29 July 2012

I Hate Provocateurs

I hate provocateurs. There is some measure of irony in this, as I have at times been one myself - particularly in my youth. My life experiences have taught me a greater humility before many topics, and with that humility has come a heightened empathy and sensitivity. I can scarcely slog through most contemporary stand-up routines, obsessed as our culture has become with shock humor. I'm the guy at the comedy club who is often self-conscious, looking around for the face of the one person who came for a reprieve from something troubling in their life, only to have it rubbed in their face by the comic on stage.

One of my chief problems with provocateurs is that they shirk any responsibility for the consequences of what they provoke. Anyone who isn't a laughing sycophant is greeted with either a dismissive, "Lighten up!" or worse yet, hostility. Provocateurs are incapable of saying, "I'm sorry, that was insensitive of me." Rather, they spoil for the fight that goes with being confronted for their insensitivity, as though they alone are possessed of the enlightenment that the rest of the world needs in order to function more properly, devoid of our immature notions of hurt feelings. I cannot abide this arrogance.

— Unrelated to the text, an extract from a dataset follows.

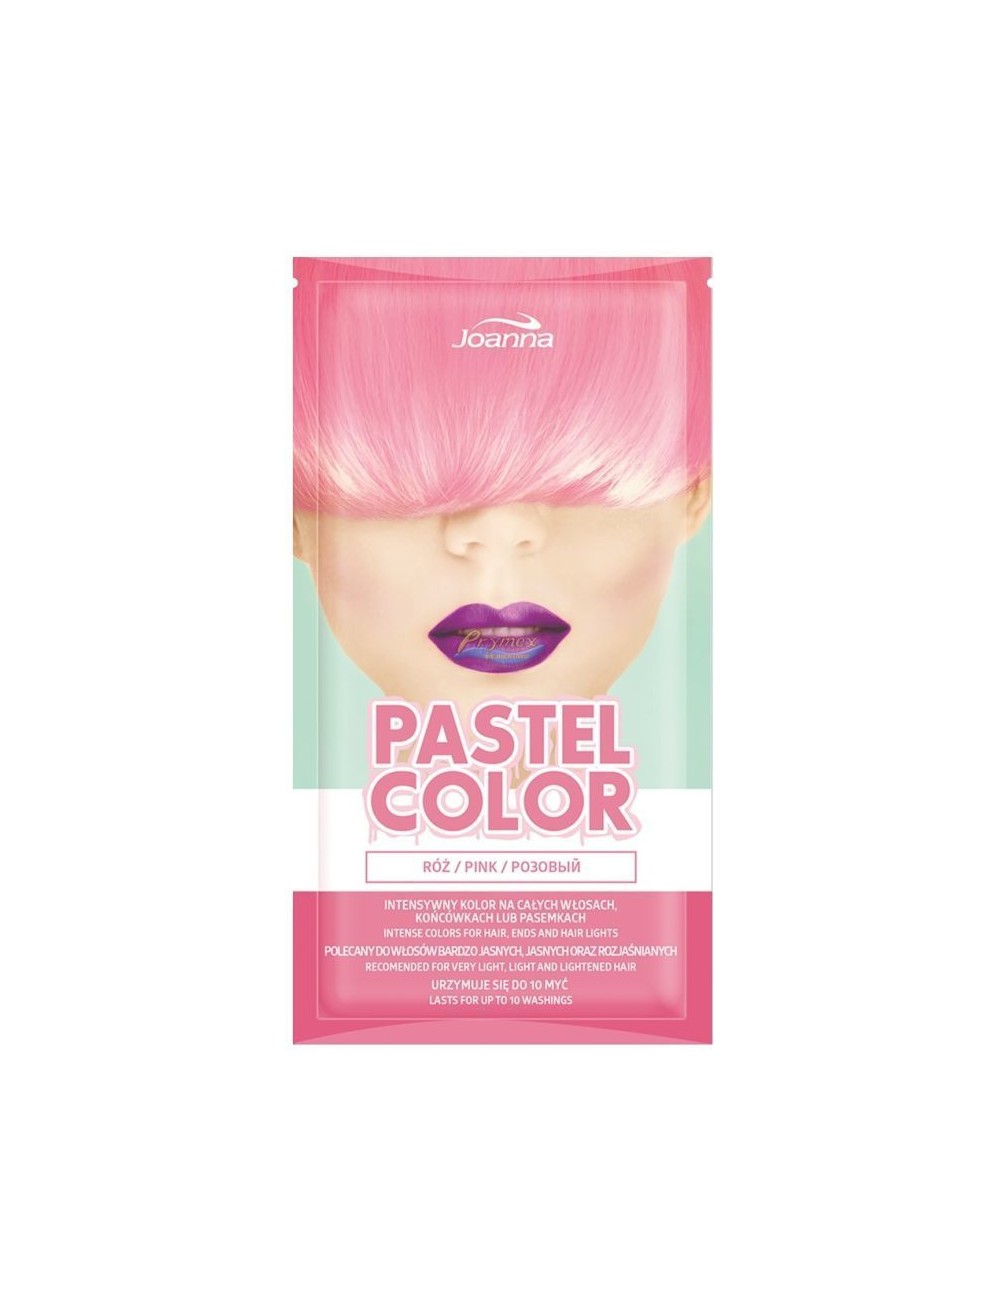 Joanna Pastel Color Róż Szamponetka Koloryzująca do Włosów 35 g

There is, of course, a proper place for a socially-conscious provocateur. History has often recognized the place of such individuals in all fields from the scholarly to the scientific. Where would we be if not for Plato, Galileo or Upton Sinclair? There is a tremendous difference, though, between their work and that of today's provocateurs. They knew what they wanted to accomplish, and their aspirations were much higher than simply upsetting people and testing their comfort zones.

I can certainly be the spoilsport and I make no bones about it. That said, my own sense of humor is not wanting. Even at my lowest point during my Year of Hell, when I finally acquiesced and checked into Our Lady of Peace, my humor was intact. I made the intake nurses laugh, and it was through humor that I primarily engaged the other patients. I'm a Southerner, so I'm already predisposed to a specific kind of wry humor. At times, I've had to clarify to outsiders that just because I joke about something doesn't mean I don't take it as seriously as it deserves. On the contrary, sometimes one can only see the humor in something by understanding it thoroughly.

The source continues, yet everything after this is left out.